- Supplied records -
———

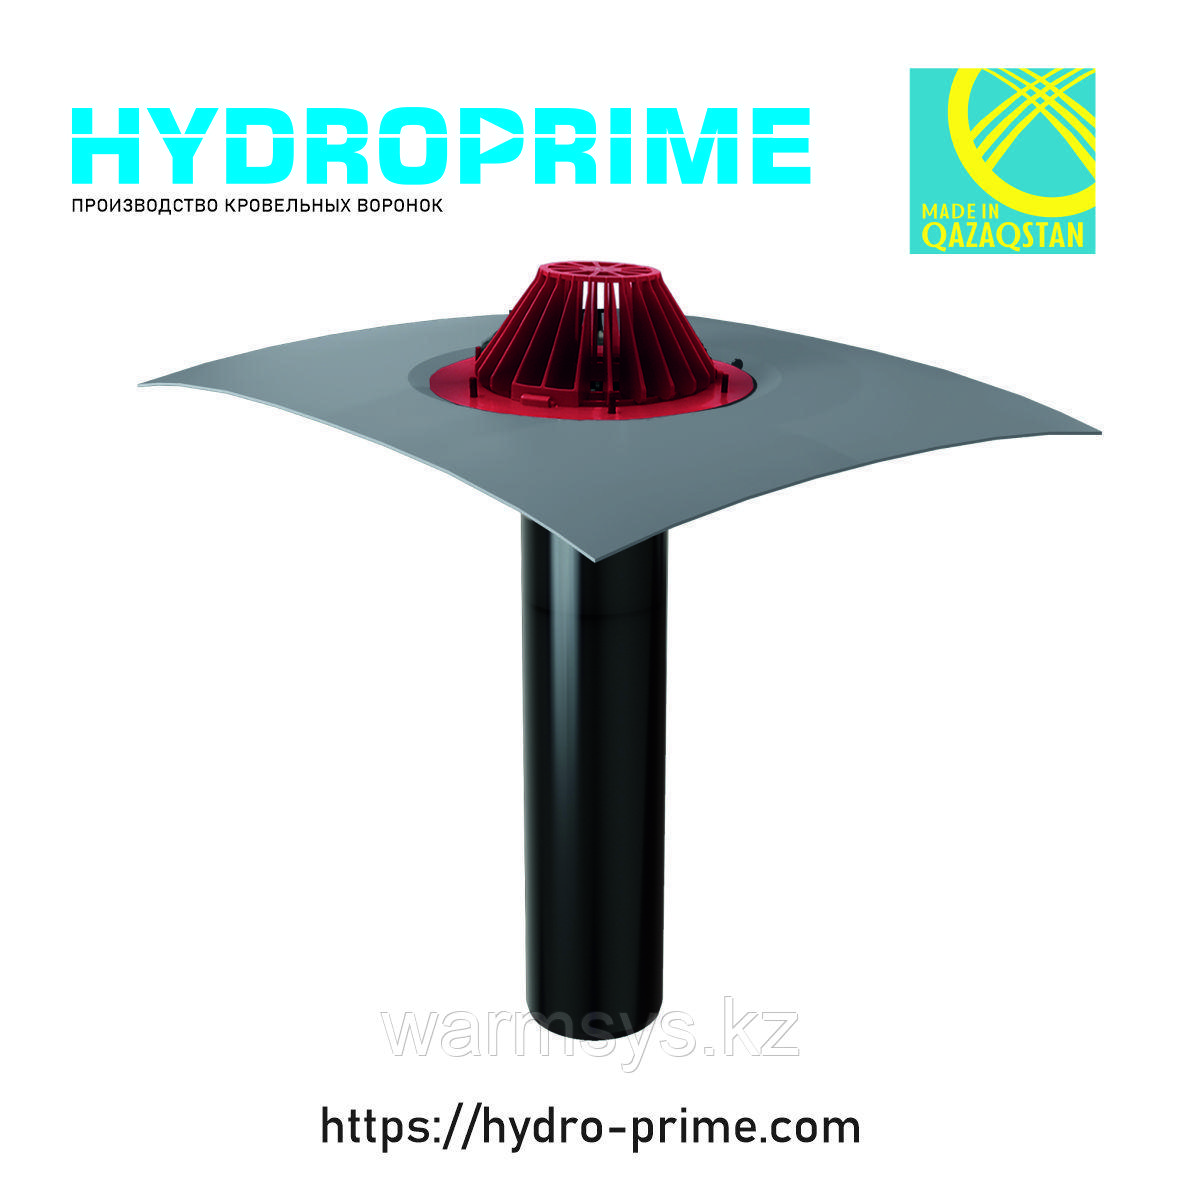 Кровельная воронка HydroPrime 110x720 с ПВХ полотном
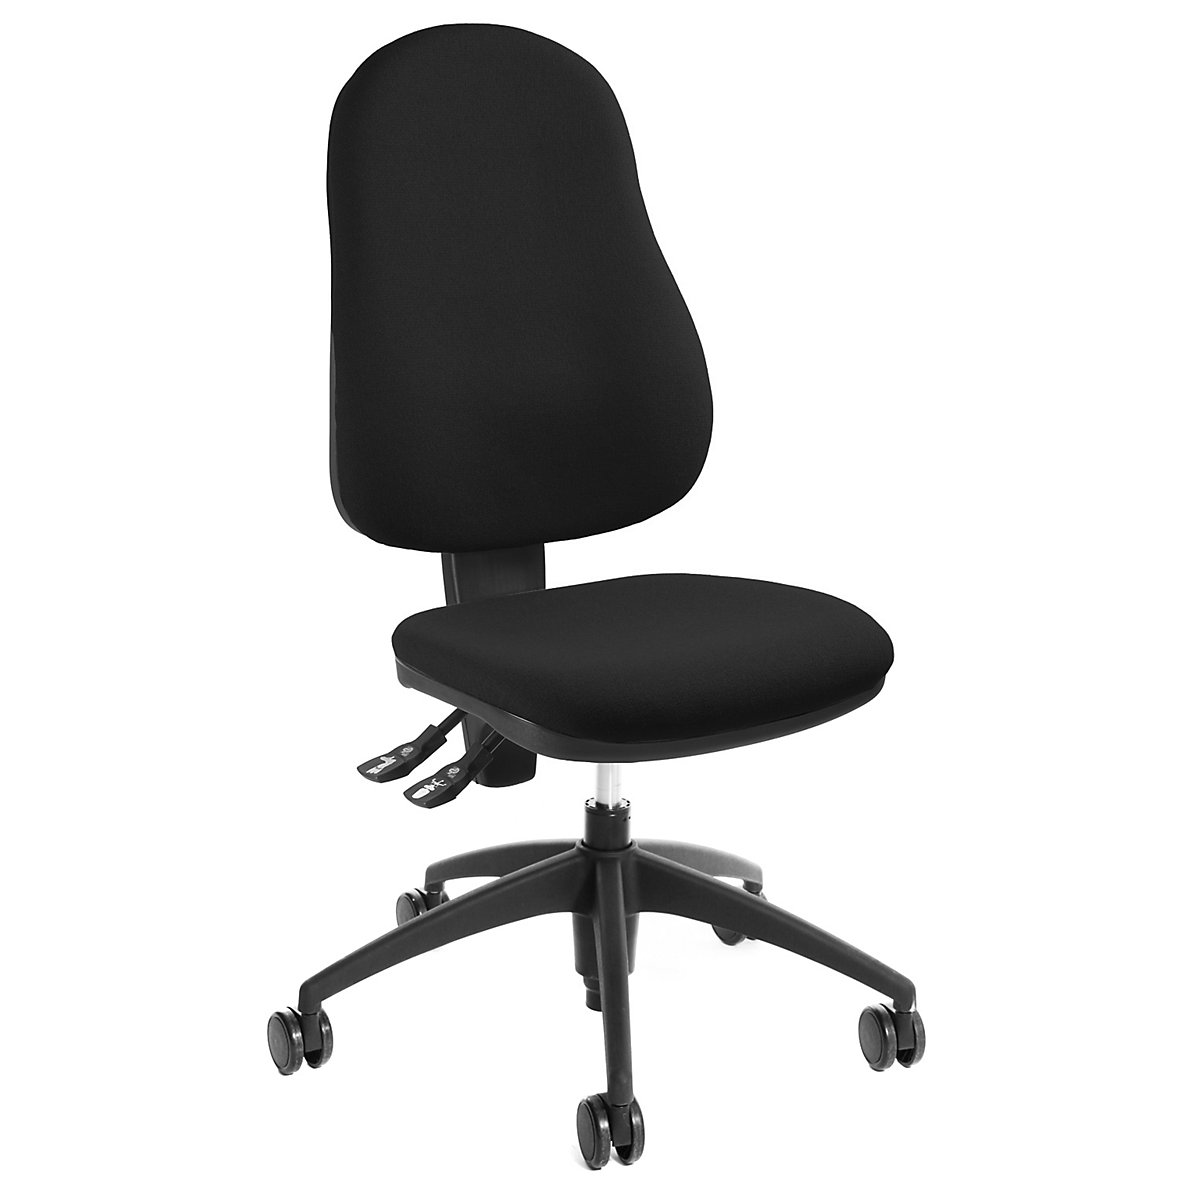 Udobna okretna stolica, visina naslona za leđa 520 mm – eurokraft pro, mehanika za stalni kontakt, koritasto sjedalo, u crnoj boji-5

———

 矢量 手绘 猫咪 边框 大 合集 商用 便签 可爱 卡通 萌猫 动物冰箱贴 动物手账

———

- Exercise brief -
Starting at the line above that holds "Кровельная воронка HydroPrime", repeat every line exactly down to and including the line that holds "Udobna okretna stolica, visina", then stop. Do not carry over any pictures.

- Reply -
 Кровельная воронка HydroPrime 110x720 с ПВХ полотном
 Udobna okretna stolica, visina naslona za leđa 520 mm – eurokraft pro, mehanika za stalni kontakt, koritasto sjedalo, u crnoj boji-5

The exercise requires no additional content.